De la mobilisation citoyenne à la saisine parlementaire
Adoptée à l’été 2025, la loi dite Duplomb a rapidement suscité une vive opposition. Deux jours après son adoption, une pétition citoyenne a recueilli plus de deux millions de signatures. À cette contestation populaire s’est ajouté un front parlementaire : entre le 11 et le 18 juillet, un groupe de députés et de sénateurs a saisi le Conseil constitutionnel.
La censure du Conseil constitutionnel
Dans sa décision n° 2025-891 DC du 7 août 2025, le Conseil constitutionnel a prononcé une censure partielle de la loi.
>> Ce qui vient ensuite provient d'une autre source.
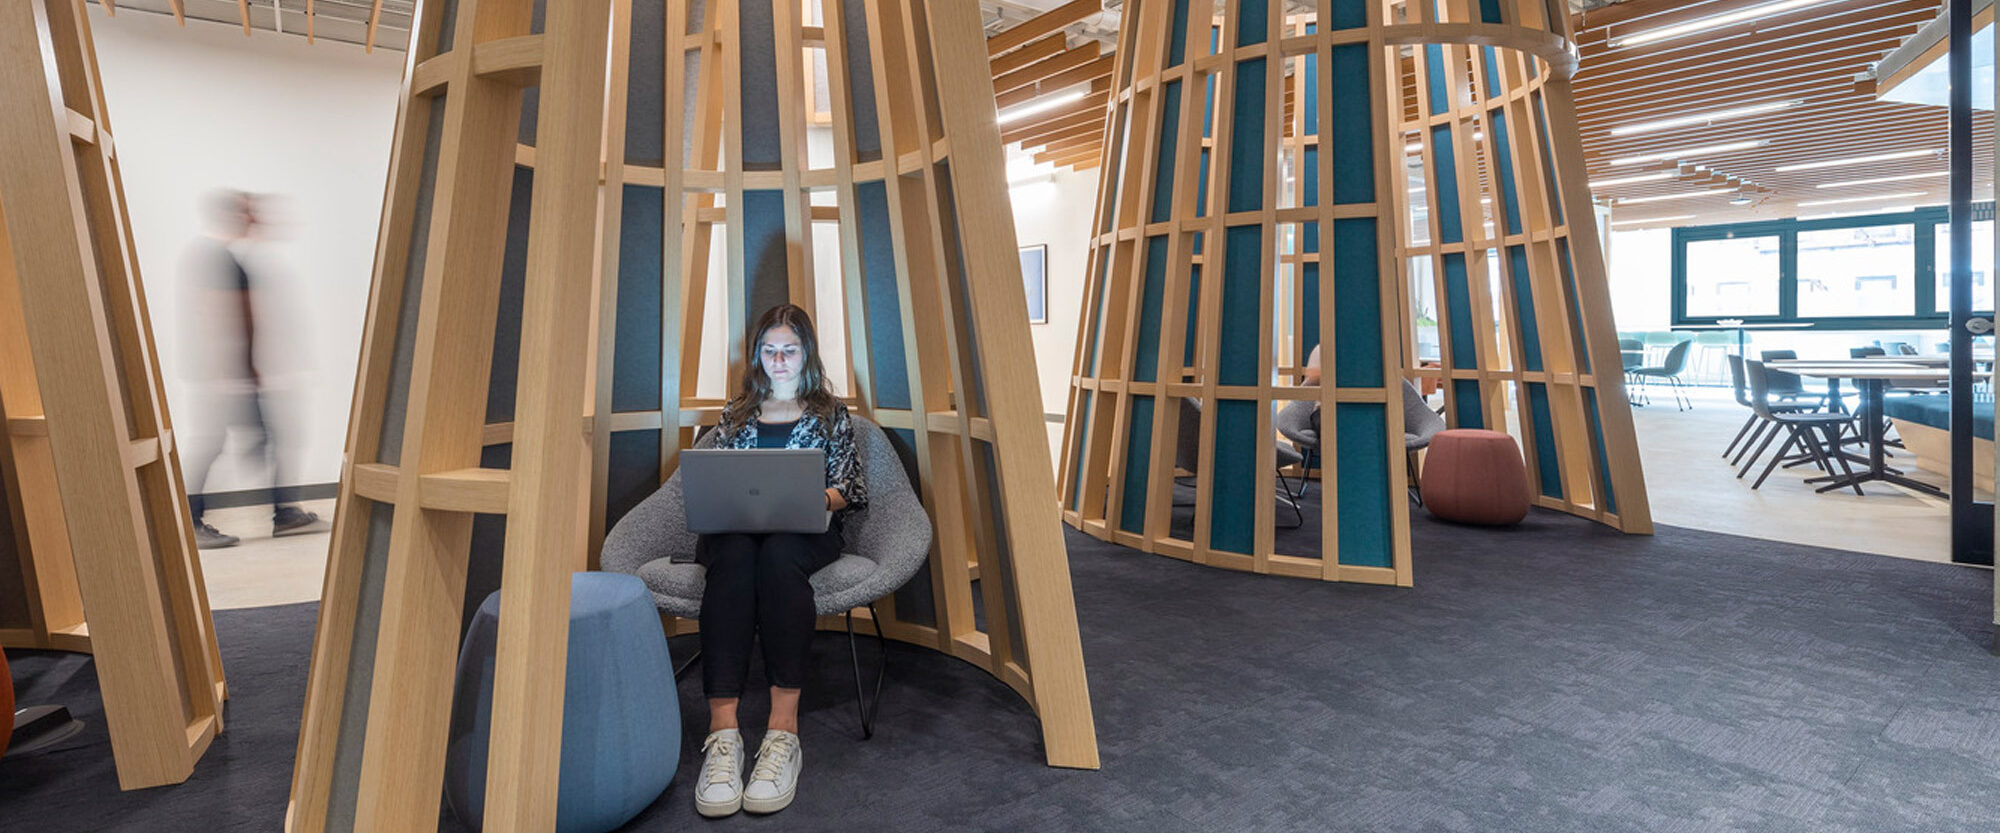 Modern office interior featuring distinctive wooden, tree-like structures creating semi-private seating areas. A person works on a laptop, seated on a blue pouf, amidst these organic design elements, which harmonize with the industrial-chic open-plan workspace.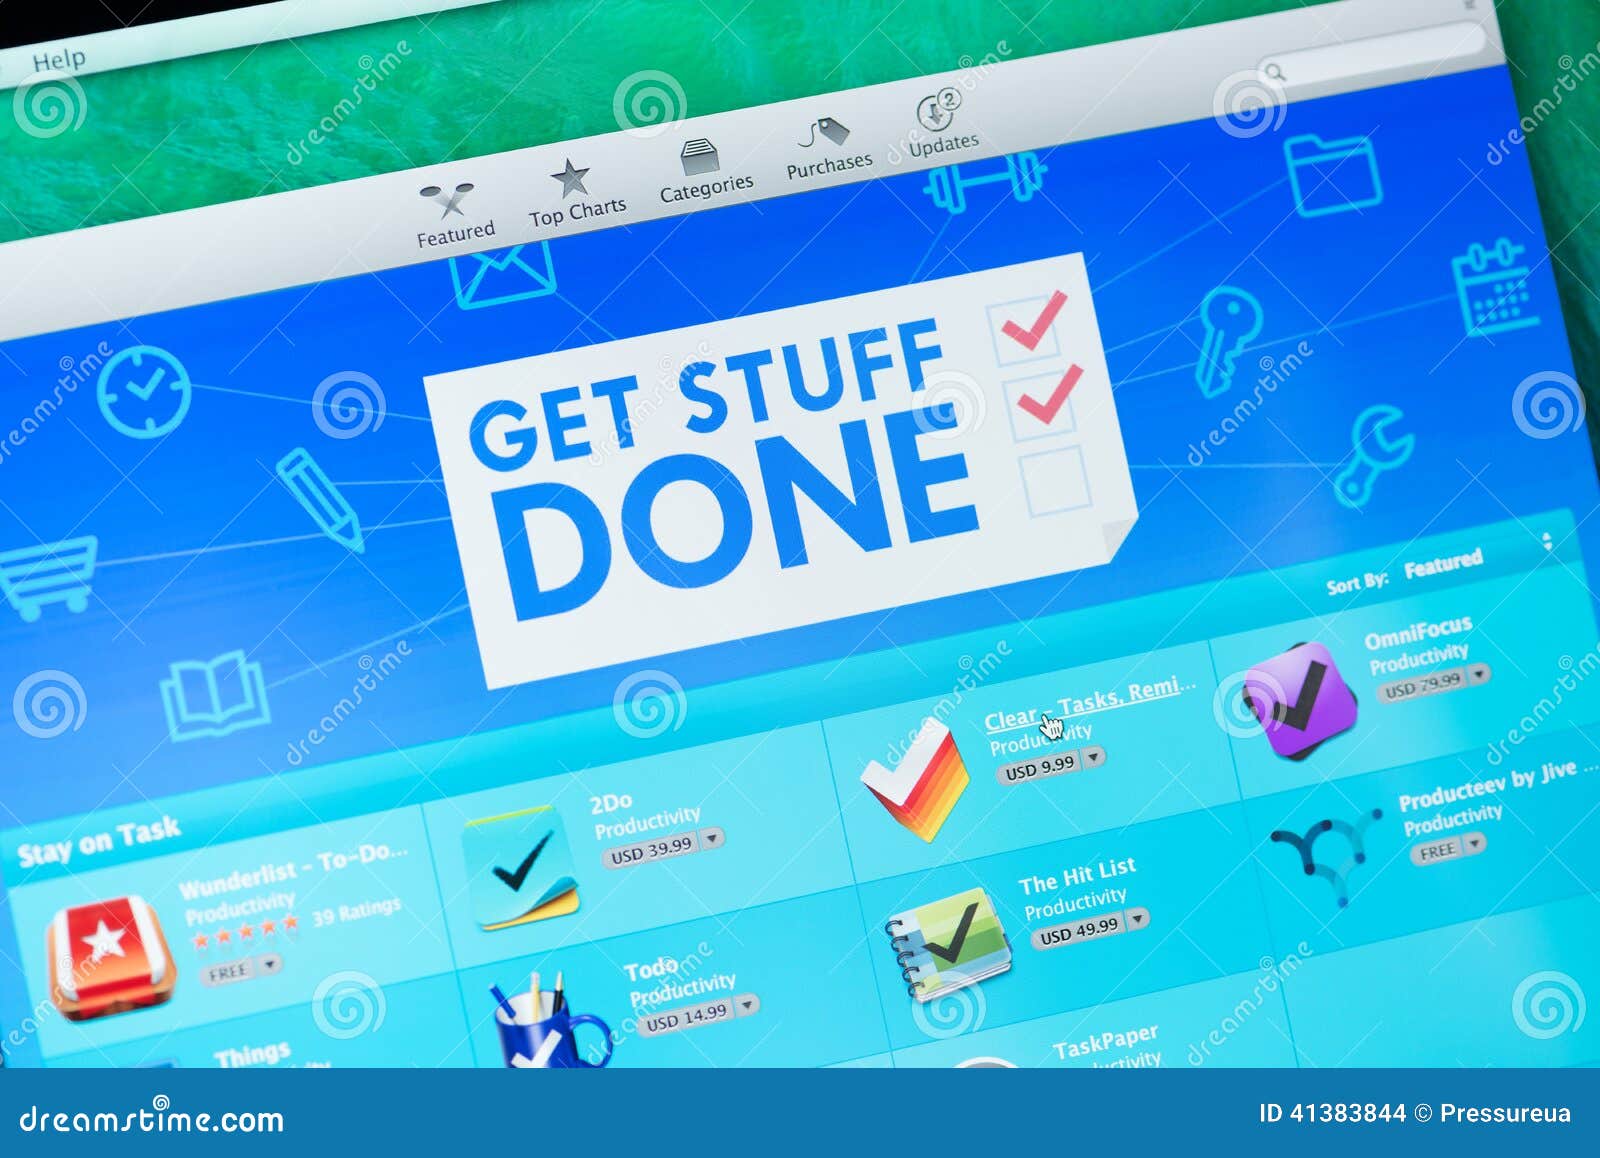 best app for getting things done

Était principalement en cause l’article 2, qui ouvrait la voie à des dérogations à l’interdiction de l’acétamipride, un néonicotinoïde interdit en France depuis 2018.
Les Sages ont estimé que ces dérogations étaient trop larges et insuffisamment encadrées, méconnaissant ainsi la Charte de l’environnement, intégrée au bloc de constitutionnalité en 2005.
Outre l’article 2, certaines dispositions relatives aux ouvrages de stockage d’eau ont été validées sous réserve d’interprétation, tandis que le reste du texte a été jugé conforme.
La controverse autour de l’acétamipride
Le point le plus tendu de la loi portait sur la réintroduction, à titre dérogatoire, de l’acétamipride — insecticide de la famille des néonicotinoïdes. Les producteurs de betteraves sucrières plaidaient pour sa réintroduction, arguant qu’aucune alternative efficace n’existe et dénonçant une « distorsion de concurrence » avec les agriculteurs d’autres États européens.
En revanche, de nombreux acteurs — associations environnementales, organisations professionnelles de santé, scientifiques — alertent sur la toxicité de cette substance pour les pollinisateurs, les écosystèmes et potentiellement la santé humaine.
Une difficulté d’articulation avec le droit européen
Cette controverse illustre les difficultés d’articulation entre droit national et droit de l’Union européenne. Alors que la France a choisi d’interdire l’acétamipride depuis 2018, l’Union européenne a renouvelé son autorisation jusqu’en 2033.
Pour ses partisans, la position française crée une distorsion de concurrence au sein du marché unique. Le sénateur Laurent Duplomb estime que la France devrait « accepter les règles européennes » et aligner son droit national.
Toutefois, le Conseil constitutionnel n’a pas vocation à arbitrer cette divergence : il exerce un contrôle de conformité à la Constitution, non un contrôle de compatibilité avec le droit de l’Union. La question de la primauté du droit européen et d’un éventuel contentieux relèverait d’autres juridictions, notamment du juge administratif.
Une loi promulguée mais amputée
À la suite de la décision du Conseil, la loi a été promulguée le 12 août 2025, expurgée de l’article 2. Le sénateur Duplomb a néanmoins indiqué vouloir proposer un nouveau texte, plus encadré, afin de répondre aux exigences constitutionnelles tout en tenant compte des contraintes agricoles.
À retenir :
- Censure du Conseil (décision n° 2025-891 DC) : l’article 2 a été jugé contraire à la Constitution en raison d’un dispositif de dérogation trop large.
- Acétamipride : interdit en France depuis 2018, mais autorisé par l’Union européenne jusqu’en 2033, il cristallise un conflit normatif.
- Suite législative : la loi a été promulguée le 12 août 2025 sans l’article censuré ; un nouveau projet pourrait être déposé.